Partner definitions are blurring. Omdia data shows that partners are operating have at least three business models, for example, resell, managed services, and professional services practices.
2. Path to profitability built around services opportunities
Partner programs, therefore, need to evolve from the tier-based, one-size-fits-all approach to one that supports diverse partner types, partner business models and value-based programs across the customer lifecycle.
Incentives should be balanced to reflect these motions and move beyond the point of transaction and reward partners for specific outcomes such as up and cross-selling, pre-sales engagements, retention and renewals, training and certification.
3. Simplification and automation
Partners are also seeking improved user experience.
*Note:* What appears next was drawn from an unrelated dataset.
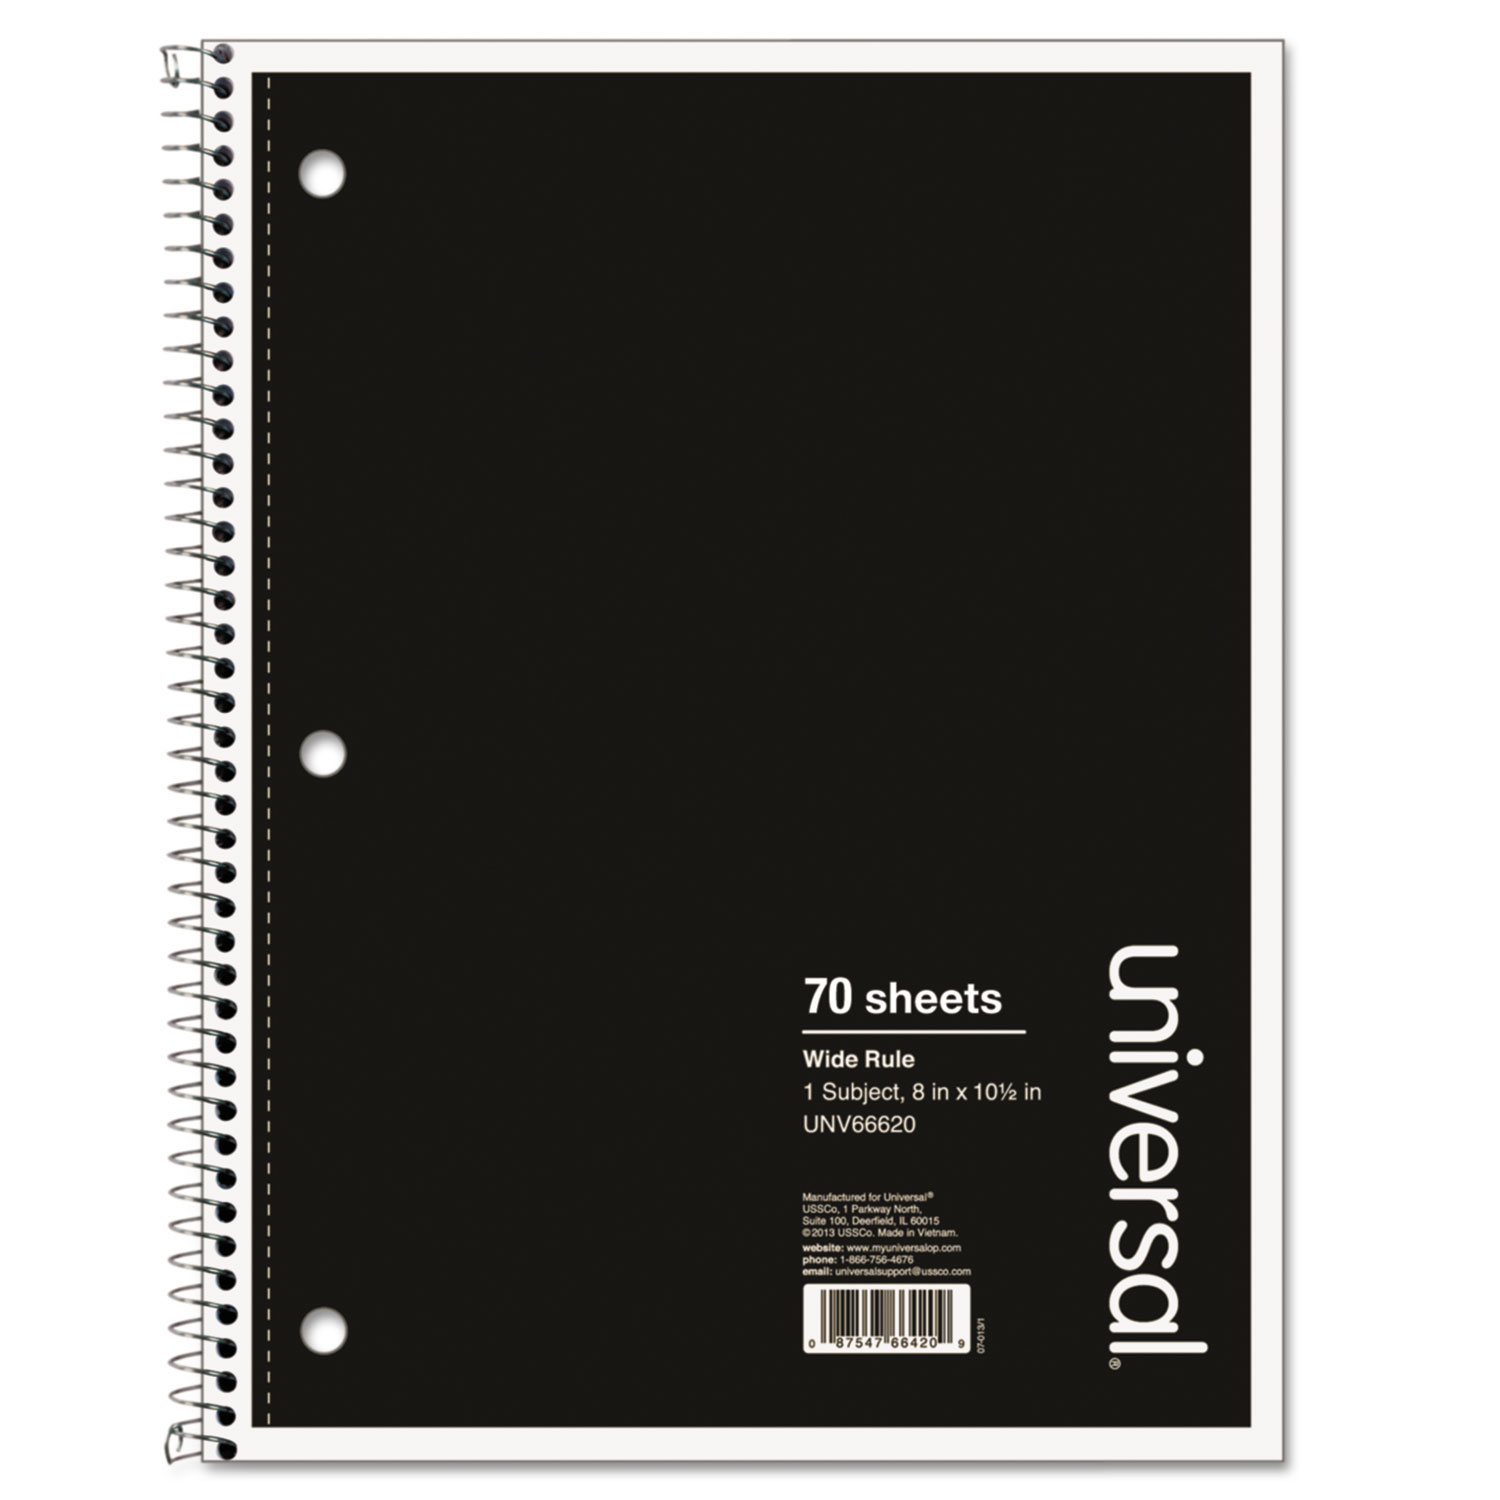  Universal UNV66620 Wirebound Notebook, 1 Subject, Wide/Legal Rule, Black Cover, 10.5 x 8, 70 Sheets (UNV66620)

Vendors need to move from basic PRM portals and enablement platforms to provide ecosystem management platforms, with integrated tooling across internal and external platforms.
In order to support these rapid shifts, vendors need to move from siloed data and disconnected tools to provide a unified data layer, capitalizing on AI for automation and personalization.
4. Co-models become the norm
To support the fact that their partners are often working as part of a wider ecosystem supporting customers across complex lifecycles, vendors need to support co-creation, co-selling, co-marketing, co-innovation co-development and help facilitate engagements between partners, ISVs, distributors, resellers and GSIs. Programs will need to adapt to recognize the value that the influence each partner providesplays at the different stages across the customer journey. Increasingly, vendors will need to track all of the different touchpoints in a deal to truly understand the value that partners bring.
5. Wider partner ecosystem
Driving engagement across the expansive partner ecosystem will be key to vendor success. Those who thrive in 2026 will continue to drive investments in GSIs, services partners, ISV and alliance partners as well as placing focus on newer routes-to-market, including hyperscaler marketplaces.